Faz diferença se uma invenção não patenteável por força de lei for considerada nova e inventiva? Se alguma tecnologia for considerada como não sendo invenção ou modelo de utilidade, faz diferença se ela for nova e inventiva? Então por que as reivindicações de um pedido de patente precisam ser examinadas quanto à novidade e à atividade inventiva quando incidem nos Arts. 10, 18 da Lei da Propriedade Industrial (LPI) ou 6° da Lei de Biossegurança?
A LPI prevê, em seu Art. 8°, que são patenteáveis as invenções[1] que atendam aos requisitos de novidade, atividade inventiva e aplicação industrial. Desse artigo depreendemos 4 requisitos de patenteabilidade ao qual se soma o Art. 18 em que a LPI lista o que considera como não sendo patenteável. De lógica semelhante está o Art. 6° da Lei de Biossegurança que se inter-relaciona com a LPI ao proibir o patenteamento de tecnologias genéticas de restrição de uso (sementes estéreis). Esses requisitos somados ao requisito primordial da suficiência descritiva que norteia a barganha na qual o sistema patentário se sustenta precisam ser concomitantemente atendidos, são eles:
1. Ser invenção (Art. 8° c/c Art. 10 da LPI);
2. Ser novo (Art. 8° c/c Art. 11 da LPI);
3. Ser inventivo (Art. 8° c/c Art. 13 da LPI);
4. Ter aplicação industrial (Art. 8° c/c Art. 15 da LPI);
5. Não ser não patenteável (Art. 18 da LPI) ou ter o seu patenteamento proibido (Art. 6° da Lei de Biossegurança); e
6. Suficiência Descritiva (Art. 24 c/c Art. 25 da LPI).

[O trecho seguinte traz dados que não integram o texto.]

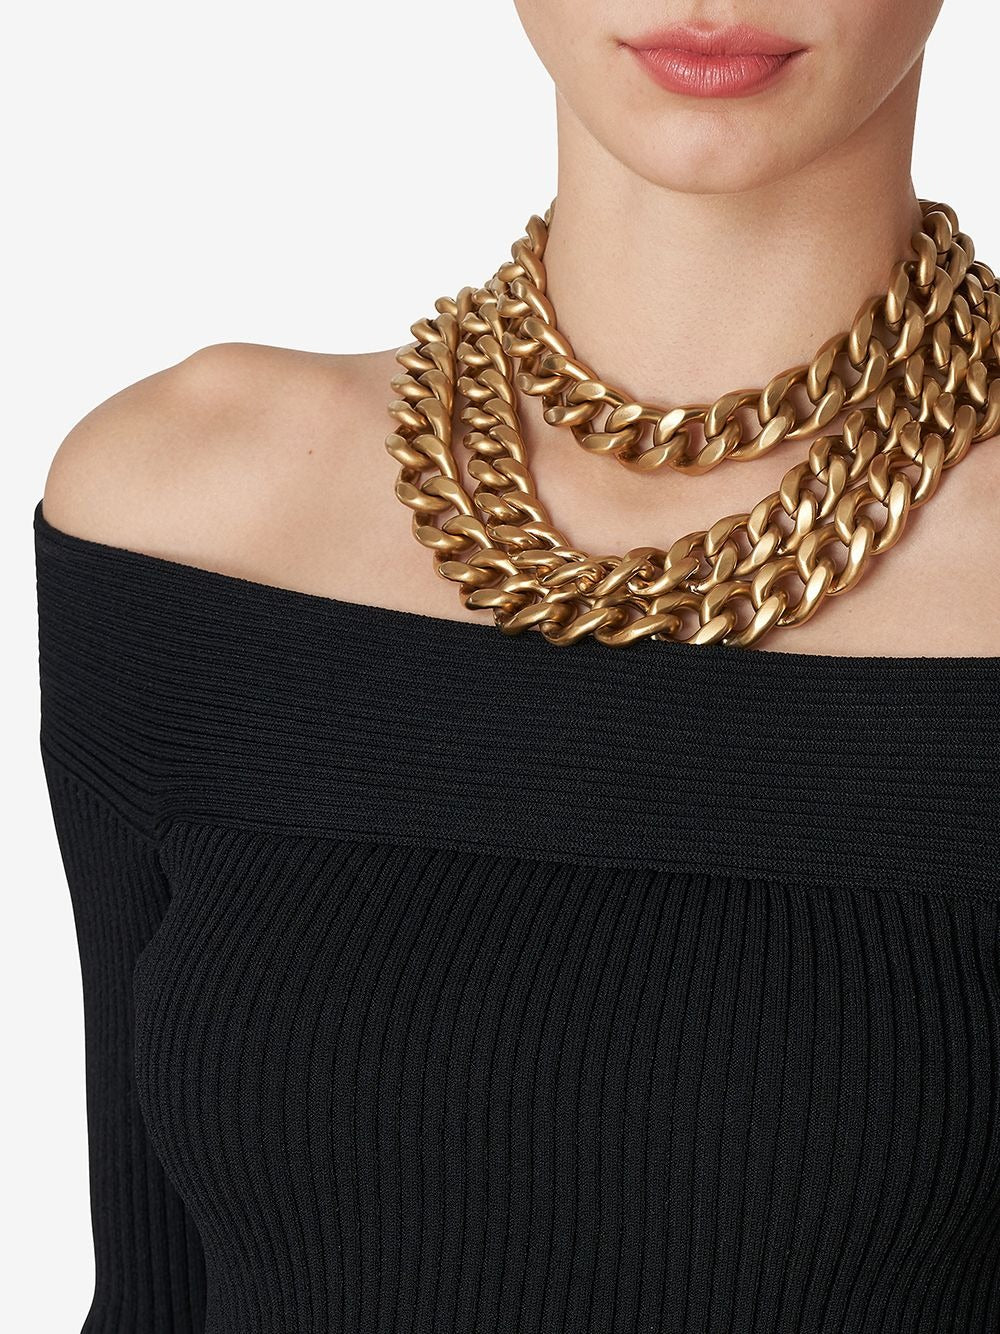 Carolina Herrera Gold Multi Chain Necklace

Basta o enquadramento em apenas um deles e a matéria reivindicada já não pode mais ser patenteada. Isto é, ainda que uma reivindicação cumpra os quatro requisitos de acordo com o Art. 8° o seu enquadramento no Art. 18 já é suficiente para que ela não possa ser protegida por meio de patente.

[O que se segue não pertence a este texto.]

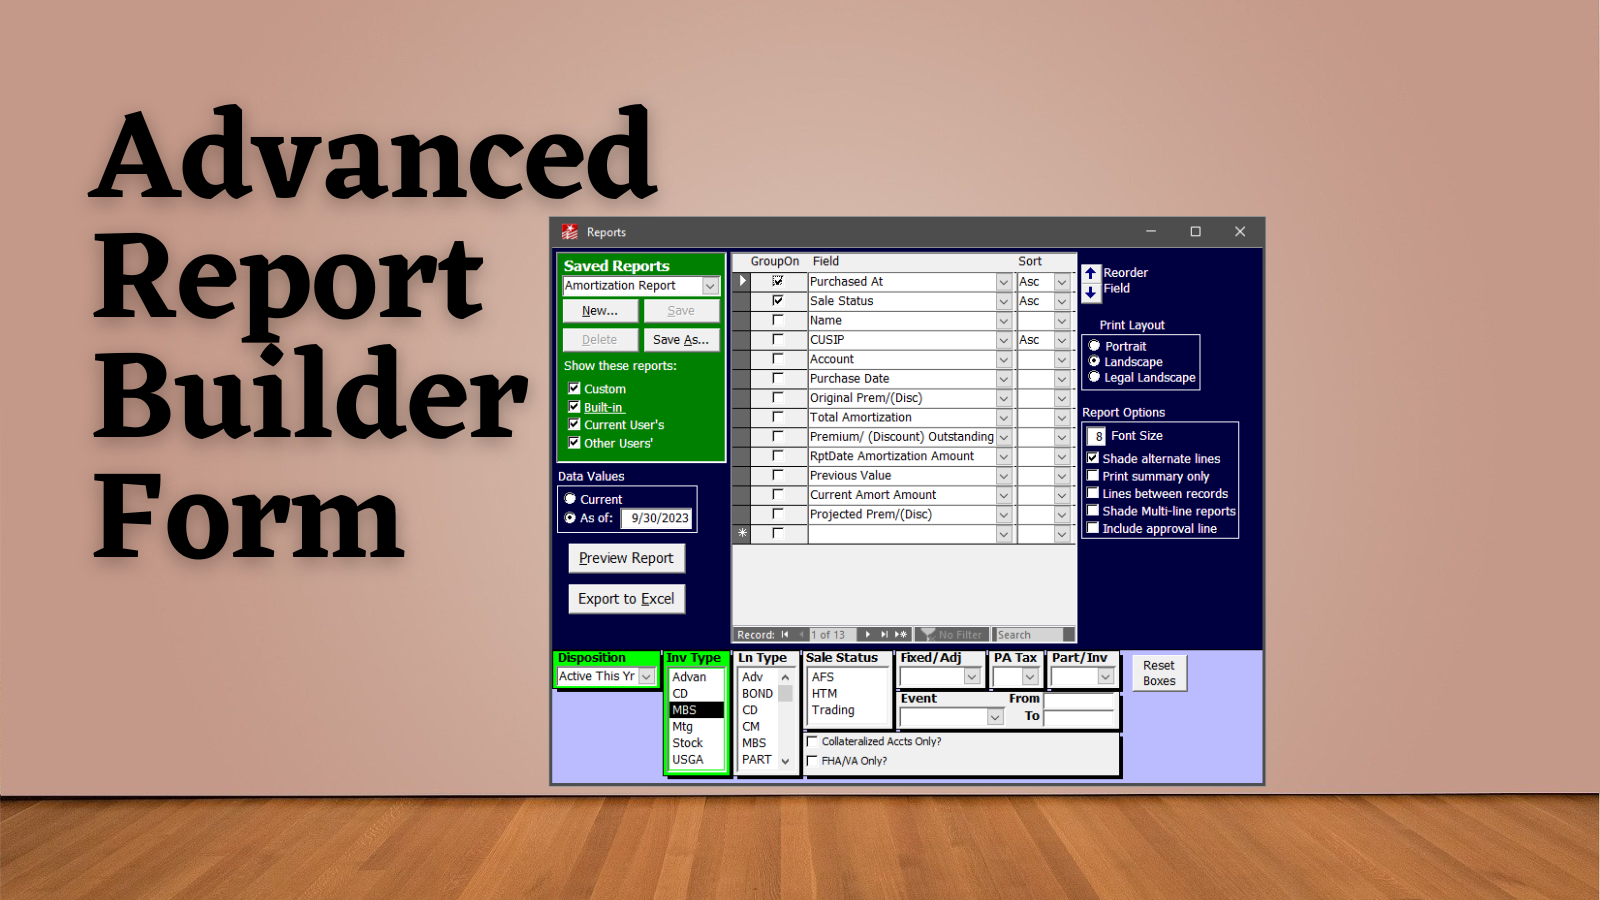 Advanced Report Builder Form

Ora, se basta a incidência em um desses artigos, por que a reivindicação precisa ser examinada para todos os outros? Por que compreender a invenção, buscar e examiná-la quanto à sua obviedade ou não quando ela já não é patenteável mesmo. Faz diferença se o milho transgênico foi obtido por transformação com o gene X ou Y quando ele, por ser planta transgênica já não pode ser patenteado mesmo? Faz diferença buscar e discutir um método diagnóstico de aplicação no corpo humano que não é considerado invenção pela LPI? Com mais de 200 mil pedidos em estoque, por que desperdiçamos a estrutura da máquina pública examinando reivindicações para as quais não há chance de patenteamento? Por que entupimos nossos pareceres de “ademais”, “além disso” e “adicionalmente”?
O parecer atualmente utilizado no INPI inclui quadros, em que todos os artigos da LPI relevantes ao exame são listados e que são de preenchimento obrigatório já no primeiro exame; a premissa é a de que o primeiro exame deve ser o mais completo possível, daí, inclusive, ter mais tempo disponibilizado para ele. O presente artigo tem por objetivo propor um novo modelo de parecer em que uma vez que uma reivindicação seja enquadrada em algum óbice, o exame dessa reivindicação termina nesse ponto. Claro que há casos em que a patenteabilidade de uma reivindicação pode ser restaurada mediante modificação na redação, nesse caso, o exame pode e deve continuar, após o examinador apontar isso, como fica evidente a partir do modelo de parecer pré-busca que pode ser baixado aqui. Mas, para os casos em que tal modificação não for possível de ser realizada em virtude, por exemplo, do Art. 32, o exame para tal reivindicação não deve continuar. Assim que todas as reivindicações tiverem sido examinadas e devidamente enquadradas, o exame deve ser considerado encerrado já que perde objeto em relação aos requisitos restantes.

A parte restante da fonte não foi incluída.